Путко, то ли от врожденной тупости, то ли потому, что было еще слишком рано и мозги его работали плохо, Дубоделова понял в том смысле, что шефу срочно требуется перепихнуться. Выйдя из особняка, сев в машину, Путко скомандовал шоферу: «Вперед» и поехал по закрывавшимся к тому времени кабакам и казино в поисках чего-нибудь поприличнее. Бузаканов же хозяина понял как надо, своего шофера не гнал, а только сидел на заднем сиденье и с печалью размышлял о непростом — да, непростом! — поручении.

Однако в этом случае судьба оказалась к Бузаканову благосклонной: в тот же день его подчиненные, при проведении операции устрашения, в качестве трофея забрали из принадлежавшей соперничающему с Дубоделовым клану квартиры девушку необычайной красоты, удивительного ума, потрясающего обаяния и проч. и проч. Каким образом девушка оказалась в квартире, узнать не удалось — все прочие, в квартире находившиеся, пулями были изрешечены, девушка, прикованная цепью к батарее центрального отопления, от ответа на этот вопрос упорно уклонялась, — но подчиненные Бузаканова, уже знавшие о желании Дубоделова, на всякий случай к девушке отнеслись предупредительно, ничего выходящего за рамки — то есть, строго говоря, вещей самых обыкновенных, — себе не позволили и отвезли красавицу к Бузаканову. Вскоре — через женщину, приставленную к девушке, дабы бедняжка поскорее утешилась, выяснилось: имея красоту, ум, обаяние, девушка имела и еще кое-что, в данном случае необычайно ценное. А именно — девственность. И можно было считать, что Бузаканов поручение Дубоделова выполнил, выполнил в один день, в поразительно короткие сроки и с отличным качеством, а также в очередной раз обошел незадачливого Путко, человека не только неумного, но и очень злопамятного.

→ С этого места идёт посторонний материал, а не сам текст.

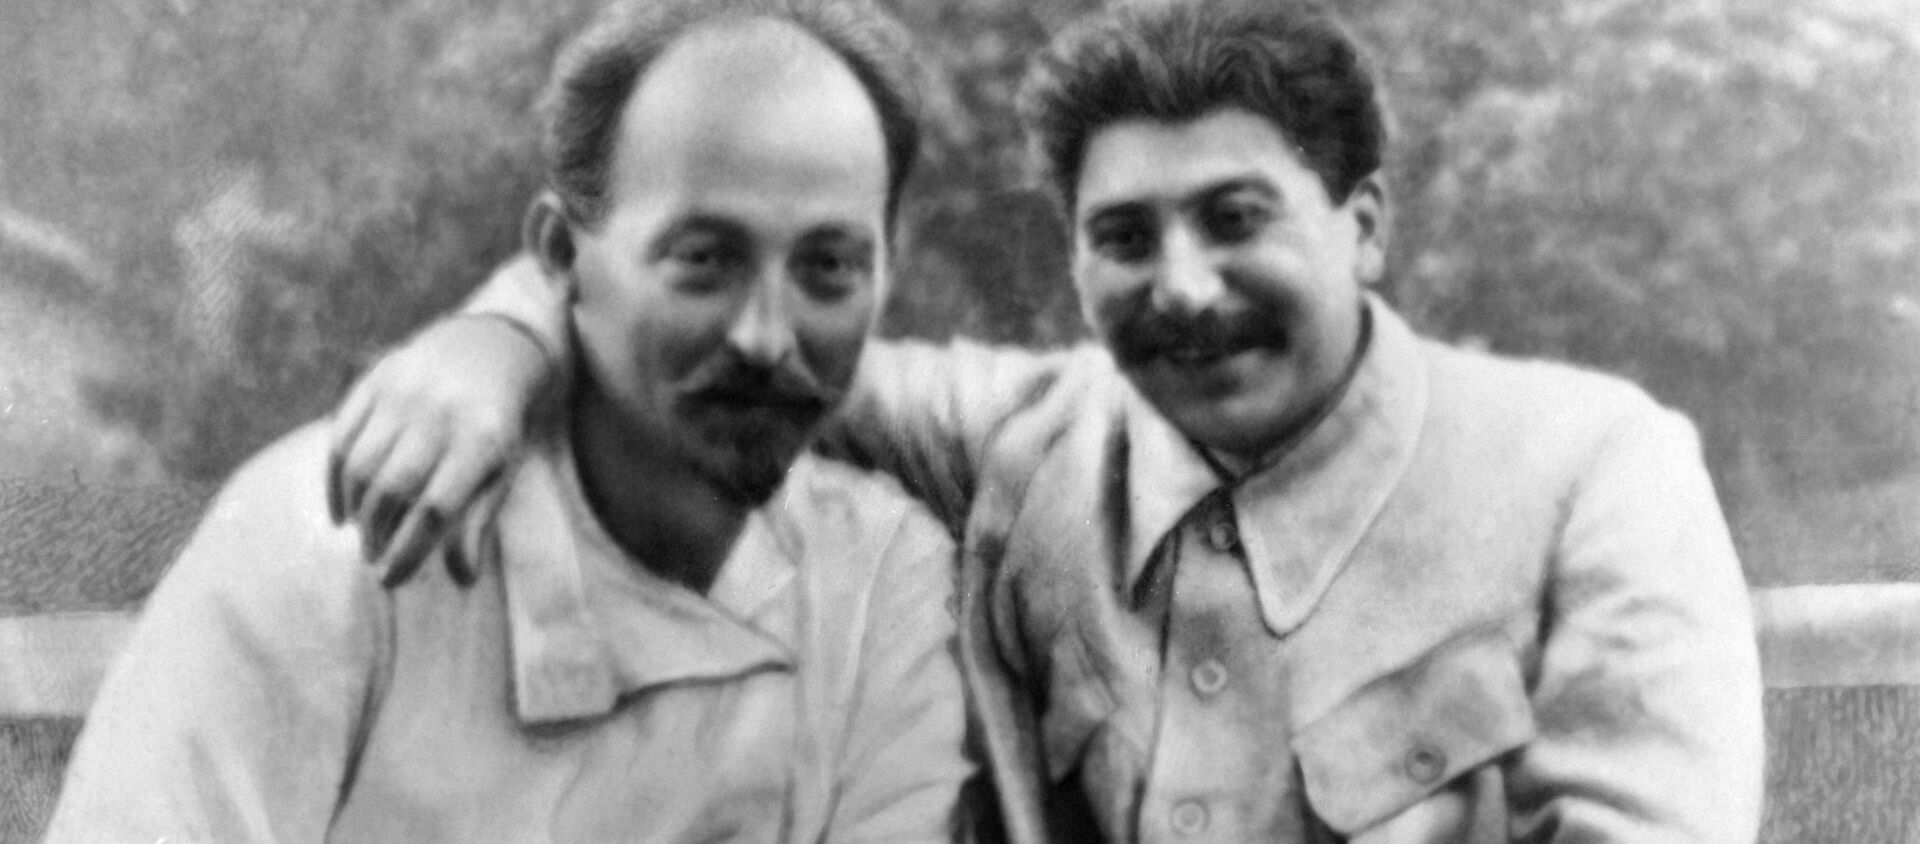 Иосиф Сталин (справа) и Феликс Дзержинский (слева) на отдыхе. - Sputnik Армения, 1920, 31.03.2021

Бузаканов велел отвезти девушку за город, в свой дом, стоявший на берегу водохранилища, велел по-прежнему относиться к ней со всей возможной предупредительностью, велел всячески готовить к предстоящей девушке встрече с Дубоделовым, а сам отправился к шефу, дабы подготовить и его. Дубоделова Бузаканов застал в состоянии еще большей тоски, чем то, в котором оставил его ранним-ранним утром. Дубоделов мучился: сбитые о скулы незадачливого Путко костяшки пальцев саднили, правая нога ныла от долгого пинания в бок неразумного Путко, а в ушах до сих пор стоял заливистый смех пьяной потаскухи, привезенной непонятливым Путко. Бузаканов умел найти нужный подход, к тому же Дубоделов понял, что Бузаканов-то его не подведет, что Бузаканов-то уже что-то нашел, а не говорит об этом прямо, чтобы сделать шефу приятный сюрприз, и время они провели в мирной беседе, стараясь в разговоре даже не намекать на вожделенный предмет, вожделение которого вызвало в Дубоделове столь неприятное состояние. Уже далеко за полночь Бузаканов позволил себе распрощаться, тонко намекнул Дубоделову, что к вечеру наступающих суток стараниями его, Бузаканова, тоска отойдет и более никогда не омрачит чело столь великого человека, каким был, оставался и, несомненно, будет еще долго-долго Дубоделов. Но ждало Бузаканова жестокое разочарование.

Гостем в загородном бузакановском доме проживал племянник, молодой человек из провинции, сын любимой сестры, недавно умершей от женских онкологических болезней. Бузаканов, хотя племянника знал не достаточно хорошо, уже души в нем не чаял, ибо был одинок и бездетен. К тому же племянник был удивительно на Бузаканова похож, и посему все, включая и самого Бузаканова, звали племянника Бузаканов-младший. В провинции, где раньше он проживал, Бузаканов-младший добился многого, собирался под руководством и под опекой дяди также многого добиться и в столице, а пока, проводя время в компаниях таких же, как он, отдыхал и готовился к завоеванию вершин. В день, когда девушка была доставлена в загородный дом Бузаканова-старшего, Бузаканов-младший отходил от предыдущих дней веселого времяпрепровождения и без цели, в некоторой задумчивости, бродил по комнатам огромного дома, по саду, сидел в шезлонге на пристани, у которой был пришвартован принадлежавший дядюшке катер. В ходе своих перемещений Бузаканов-младший совершенно случайно и обнаружил девушку, которая, оправившись стараниями заботливой женщины от потрясений, сидела перед зеркалом в маленькой комнате под самой крышей, смотрела на свое отражение в зеркале и горестно вздыхала. Девушка увидела отражение заглядывающего в комнату Бузаканова-младшего, их взгляды встретились, в сердцах их вспыхнуло чувство, о котором в нынешние времена почему-то говорят с извиняющейся улыбкой, как о чем-то давно устаревшем. Оно не устарело!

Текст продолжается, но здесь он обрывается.